Although soils were famously named ‘the poor man’s tropical rainforest’, soil biodiversity is very often overlooked. This is because the majority of soil biodiversity is microorganisms, such as bacteria, archaea, fungi, and protists. However, soils also support an impressive range of invertebrate diversity including earthworms, nematodes (Fig 1), and all sorts of arthropods. Together these organisms are responsible of many essential ecosystem functions, for example, decomposition of organic matter. Arthropods chew and grind up decomposing matter, making it more accessible to microbes, which break down the remaining organic matter. Earthworms are perhaps best known in this regard as they consume organic-rich soils, further releasing accessible nutrients to soil microbes. These functions culminate in the support of plants, which are needed to sustain every terrestrial ecosystem including human civilisation.

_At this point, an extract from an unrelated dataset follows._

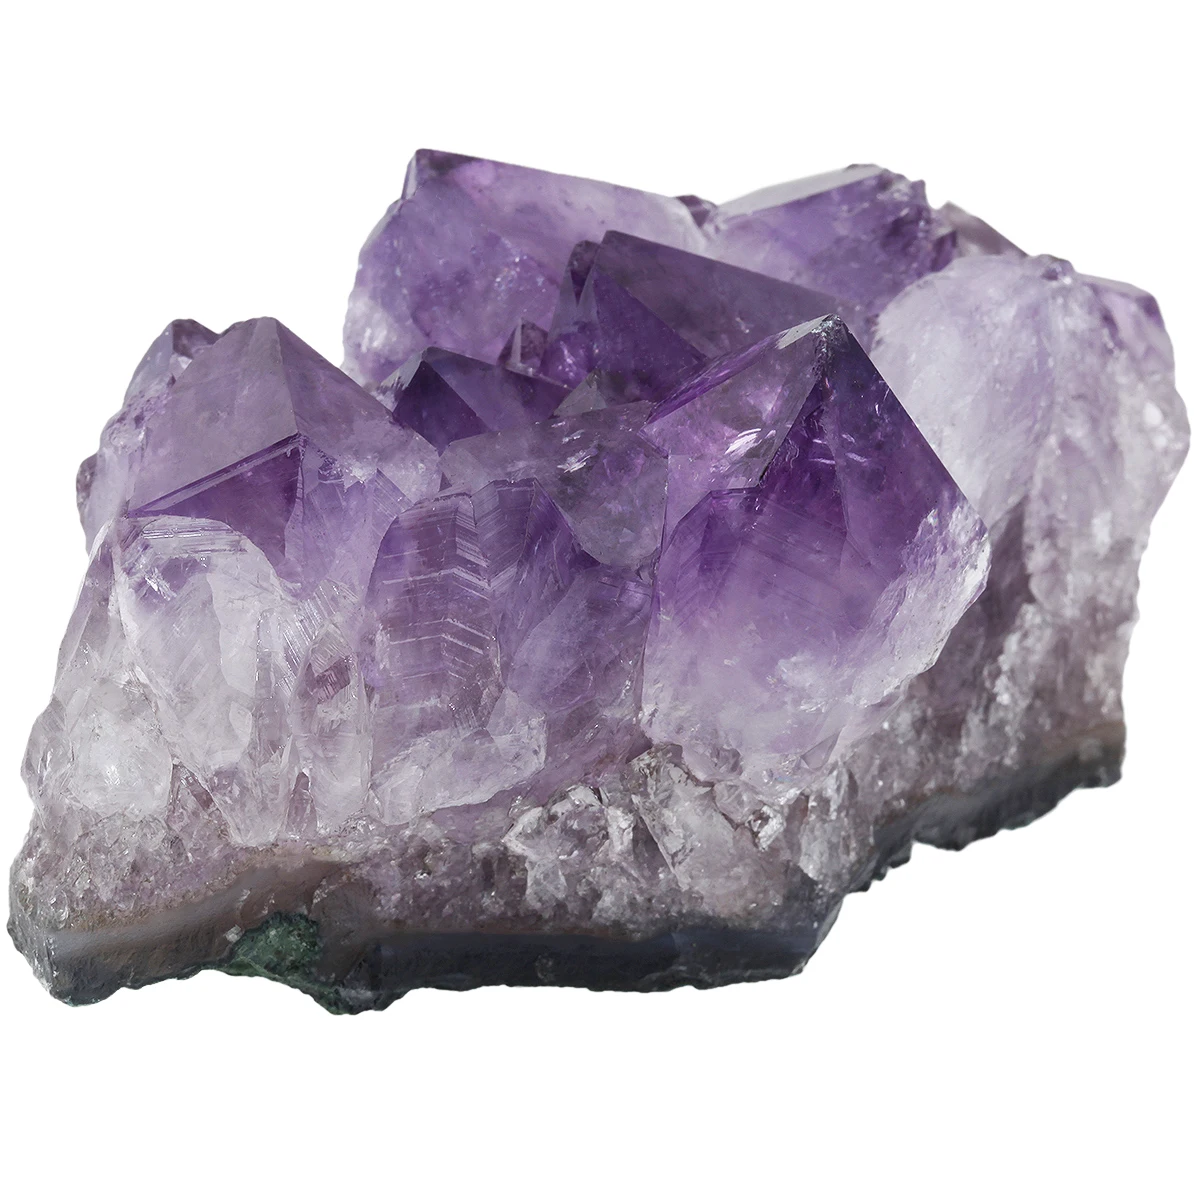 TUMBEELLUWA Natural Raw Amethyst Cluster Irregular Mineral Specimen Healing Crystal Stone Room Decor Home Decoration 10 50g natural rough malachite minerals healing gemstone specimen irregular stone ornaments for home decor
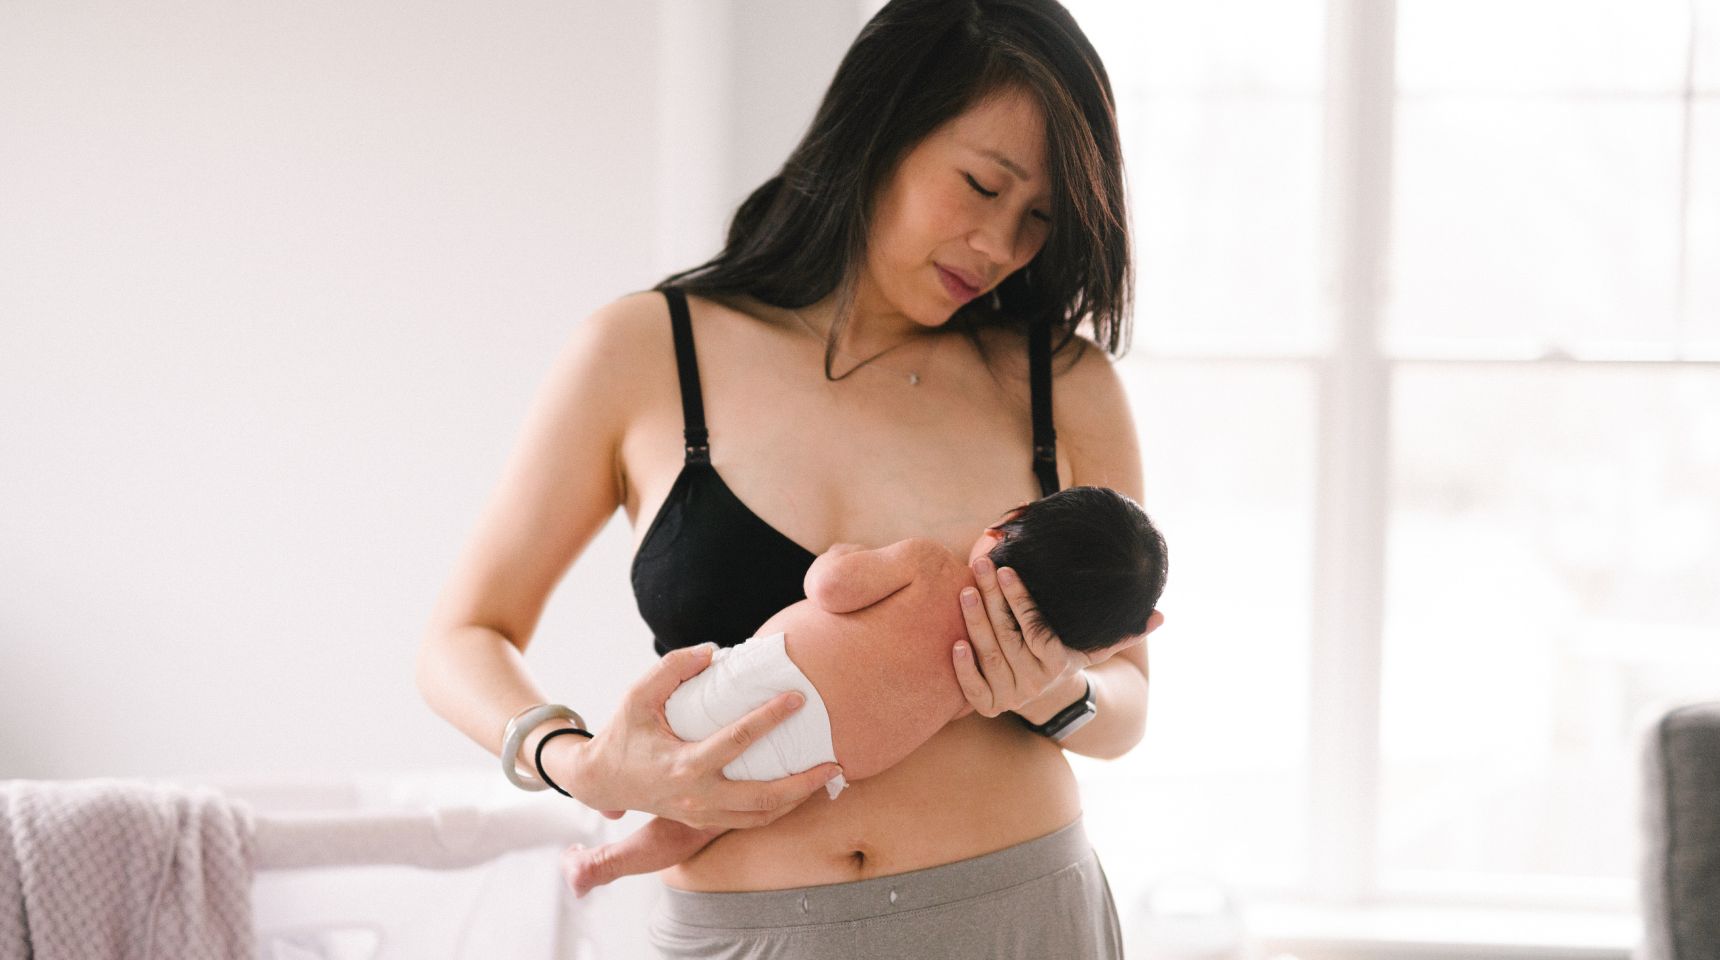 Breastfeeding: What to Expect, Breastfeeding FAQs

Yet, human influences are altering soil systems. Soil biodiversity is often influenced by changes in land use, such as felling a forest for livestock grazing or applying large quantities of inorganic fertilizers. Although the effects of such interventions have been studied on soil communities, advances in high-throughput sequencing have only recently facilitated the study of the natural history of soil biodiversity across large areas including diverse landscapes.
The major objective of my research has been to assess how soil communities change across land uses. Furthermore, I wanted to investigate whether each component of soil organisms were affected in the same way. To do this, I used metabarcoding to collect a snapshot of soil biodiversity from soils collected as part the Glastir Monitoring and Evaluation Programme (GMEP), which was funded by Welsh Government. GEMP assesses the impacts of its recent agri-environment scheme, Glastir and is led by the Centre for Ecology & Hydrology in collaboration other research bodies. Soils were collected for a range of metabarcoding and physico-chemical analyses over the summer months of 2013 and 2014 (Fig 2). At each sampling site land use was categorised based on plant communities using the Aggregate Vegetation Class methodology.
“Wales was an ideal location for this research, supporting a wide range of land uses. However, the predominant land uses in our study were various grasslands, especially important in supporting livestock production. Furthermore, as Wales is a relatively small, diverse land uses were located close enough that confounding factors such as latitudinal and climatic gradients were constrained (Fig 3).
We found divergent trends in soil richness across land uses. Richness of bacteria, fungi, and protists all followed the same trend (Fig. 4a-c), declining from the high-nutrient arable sites to the low-nutrient bogs. This may represent an example of the intermediate disturbance hypothesis (IDH) in soils, which suggests that diversity is highest in areas where successional processes are interrupted by intermittent disturbance events. However, it could simply be that nutrient inputs through fertilization or dormant organisms waiting for opportune conditions to reactivate are driving this trend. Interestingly, unlike other microbes, archaeal richness is highest in low-nutrient areas and lowest in arable sites (Fig. 4d). It is not clear why archaea would not follow the same trends as other microbes. Perhaps acidophilic lineages in moorland grass-mosaic and heath/bog habitats may be driving the trend. Richness of all microbial groups showed significant relationships with soil properties, particularly pH, carbon-to-nitrogen ratio, and bulk density. Finally, animal richness was lowest in arable sites and relatively stable across all other land uses, unlike all microbial groups (Fig. 4e). This was expected to an extent, as soil animals can be extremely sensitive to agricultural disturbance. Furthermore animal richness was not significantly correlated with any environmental characteristics.
Our results lay down a necessary outline of the natural history of soil communities. We demonstrate divergent patterns of biodiversity within major groups of soil organisms. The scale of our work represents an important interface between targeted experiments and global surveys. We plan to use these findings to inform future research. For example, we believe our findings represent a call to investigate major ecological processes such as the IDH in soils generally. But I hope, that above all, our work inspires you to take a moment and think about what’s going on beneath your feet.
Fig 1. Plectus sp. 200X magnification. Nematodes are a major component of soil biodiversity. They are important links in the decomposition food web and can be major consumers of smaller organisms or disease agents of plants and animals.
Fig 2. Soil cores were collected for metabarcoding and physico-chemical analyses.
Fig 3. This photo taken near Bethesda, highlights the diversity of land uses typical of Wales. In the foreground, sheep graze and open grasslands stretch to the hills. Behind the village, plantations of both coniferous and deciduous trees can be seen. In the background are the mountains of Snowdonia.
Fig 4. Richness of soil a bacteria; b fungi; c protists; d archaea; e animals across land use ordered from most (crops/weeds) to least (heath/bog).